Возведение смерти в Абсолют выросло до масштабов гигантского социального явления, стало феноменом массовой культуры. Взять хотя бы эти фильмы ужасов. Да и не только они. Вспоминается французский фильм “Дива”. Обыкновенный фильм, не относящийся к разряду фильмов ужаса. И что же? На протяжении полутора часов в нем совершается множество убийств и притом с легкостью необыкновенной. Такое впечатление, будто не людей убивают, а семечки щелкают или консервные банки вскрывают. Жутко становится на душе. Неужели жизнь человека и в самом деле — копейка? Демонстрируемые в фильмах многочисленные сцены насилия и убийства вольно или невольно воспитывают зрителя в духе философии “бытие перед лицом смерти”, т.е. постоянной обращенности сознания к смерти.

Дело не только в фильмах. Современная культура заражена трупным ядом абсолютизации смерти, смертной природы человека. В ней весьма значительны апокалипсические, человекоубийственные настроения. Если в прошлом веке философы провозглашали “бог умер”, то в нынешнем столетии некоторые кликушествуют: “человек умер”. Ю.Н. Давыдов в книге “Этика любви и метафизика своеволия” подверг тщательному анализу этот феномен современной культуры, показал его истоки и всю его опасность. В главе с характерным названием “Метафизика ужаса” он пишет:

“Феномен страха нельзя считать ни локальным или периферийным, ни поверхностным или мимолетным явлением культуры... Об этом говорит уже простой факт глубокой укорененности в ней целой отрасли “духовного производства”, специализирующейся на извлечении “эстетического” и всякого иного эффекта из демонстрации ужасного и чудовищного”(20).

Ю.Н. Давыдов убедительно показывает, что в нагнетании атмосферы страха повинны и философы, те, кто стремится “представить Смерть единственным абсолютом”, а “беспредельный Страх перед нею — истинно человеческим отношением к бытию”. Возник заколдованный круг: “”метафизика ужаса” ссылается на “ужасную жизнь”, последняя же снова отправляет нас к “метафизике ужаса””(21).

Далее Ю.Н. Давыдов справедливо отмечает, что нормальные люди, не зараженные бациллами философии “бытия перед лицом смерти”, всегда относились к смерти как подчиненному моменту жизни, отодвигали ее с “авансцены жизни” в “сумрачный угол жизни, подальше от яркого солнечного света”. Он пишет:

“...сколь бы пронизывающей, гипнотизирующей, поражающей воображение любого смертного ни была время от времени навевающая его мысль о том, что ему — увы! — не дано жить вечно, здоровая духоподъемлющая культура всегда находила эффективные средства справиться с нею: ... сделать так, чтобы вездесущий персонаж с косой в костлявых суставах не выступал на авансцену человеческого сознания, не застил свет жизни.
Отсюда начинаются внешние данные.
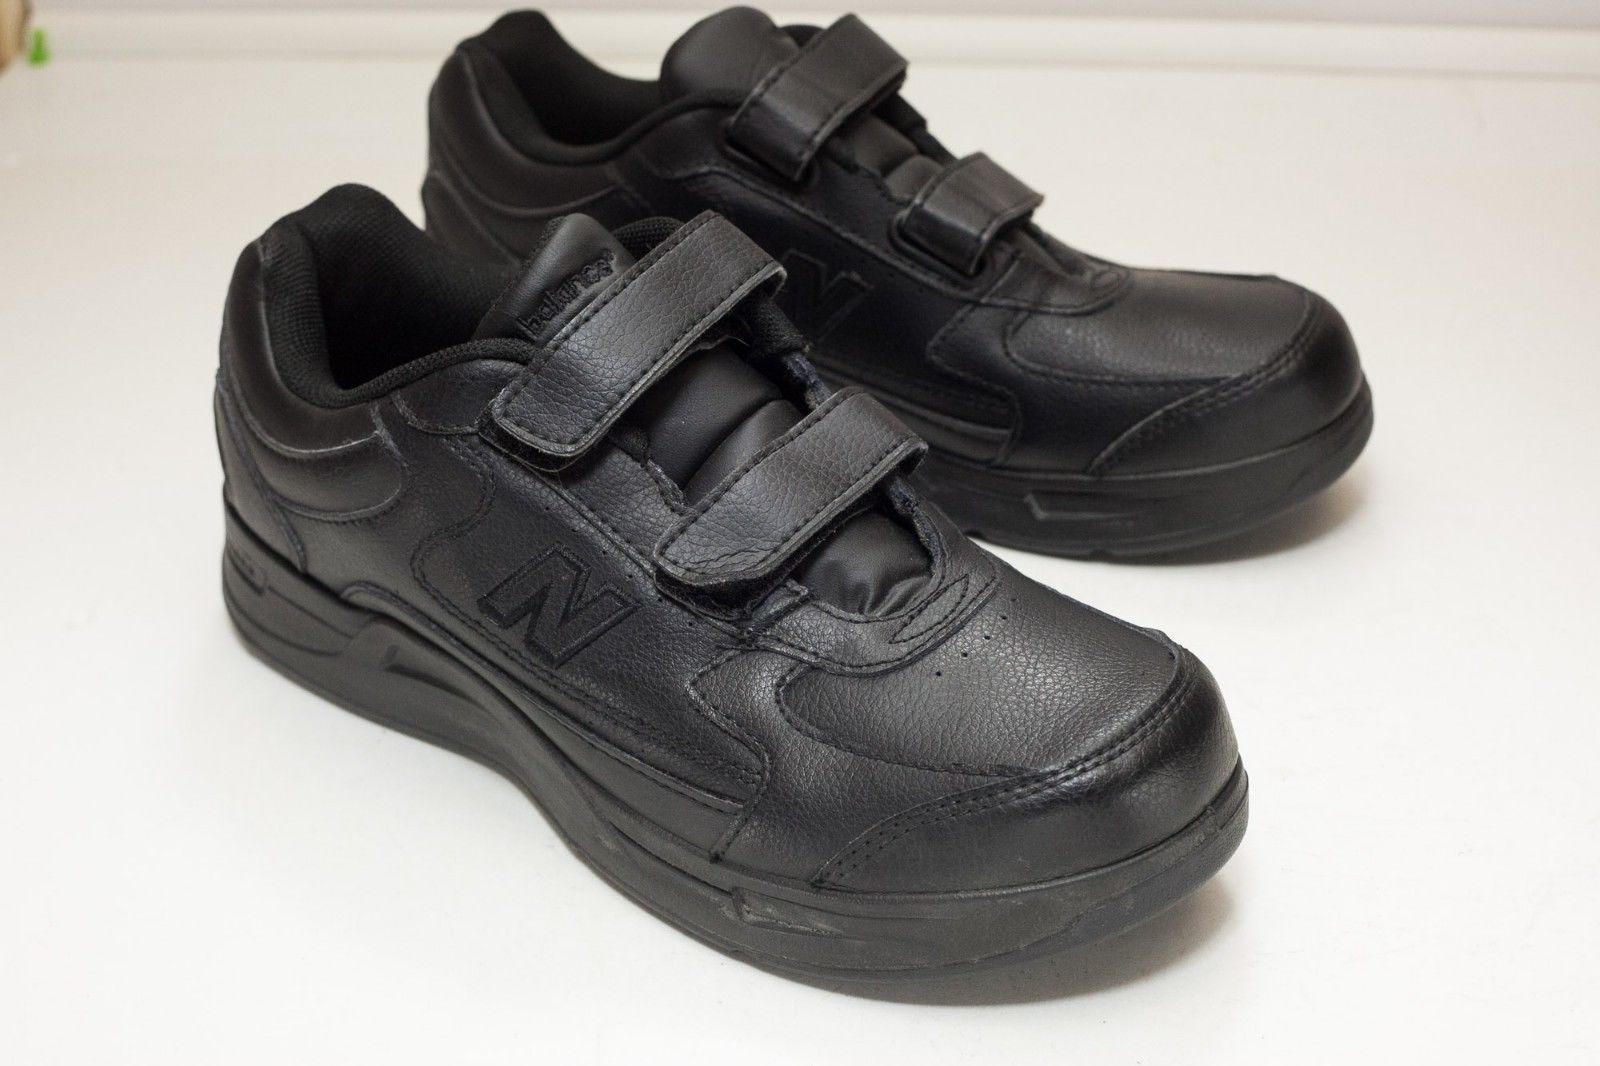 New Balance 8 Black Walking Shoe Men's

С точки зрения такой культуры смерть неизменно представляла как хотя и неотъемлемый, непременный, но все же лишь подчиненный, служебный момент целостности универсума, выполняющий в нем специфически “технические” функции... Ни одна человеческая кончина не рассматривалась при этом как результат спонтанного произволения смерти, хотя это совсем не исключало у нее (то есть у ее олицетворения, рожденного наивной фантазией народа) и собственного рвения и азарта. На костлявой ноге смерти всегда угадывалась невидимая, но прочная цепь, которую держал некто, неизмеримо более могущественный и властный, чем она, всегда имевший возможность поставить эту кровожадную старуху на свое место — в сумрачный угол жизни, подальше от яркого солнечного света. Там и должна она была стоять в нетерпеливом ожидании, пока не исполнится срок, отведенный тому или иному конченому существу, — лишь после этого ей дозволялось прикоснуться к нему, дабы свершить неизбежное... И между прочим, как раз это ощущение “подконтрольности” смерти, сознание того, что действует она отнюдь не на свой страх и риск, а покорствуя высшей воле, сообщало ее облику некий оттенок приниженности...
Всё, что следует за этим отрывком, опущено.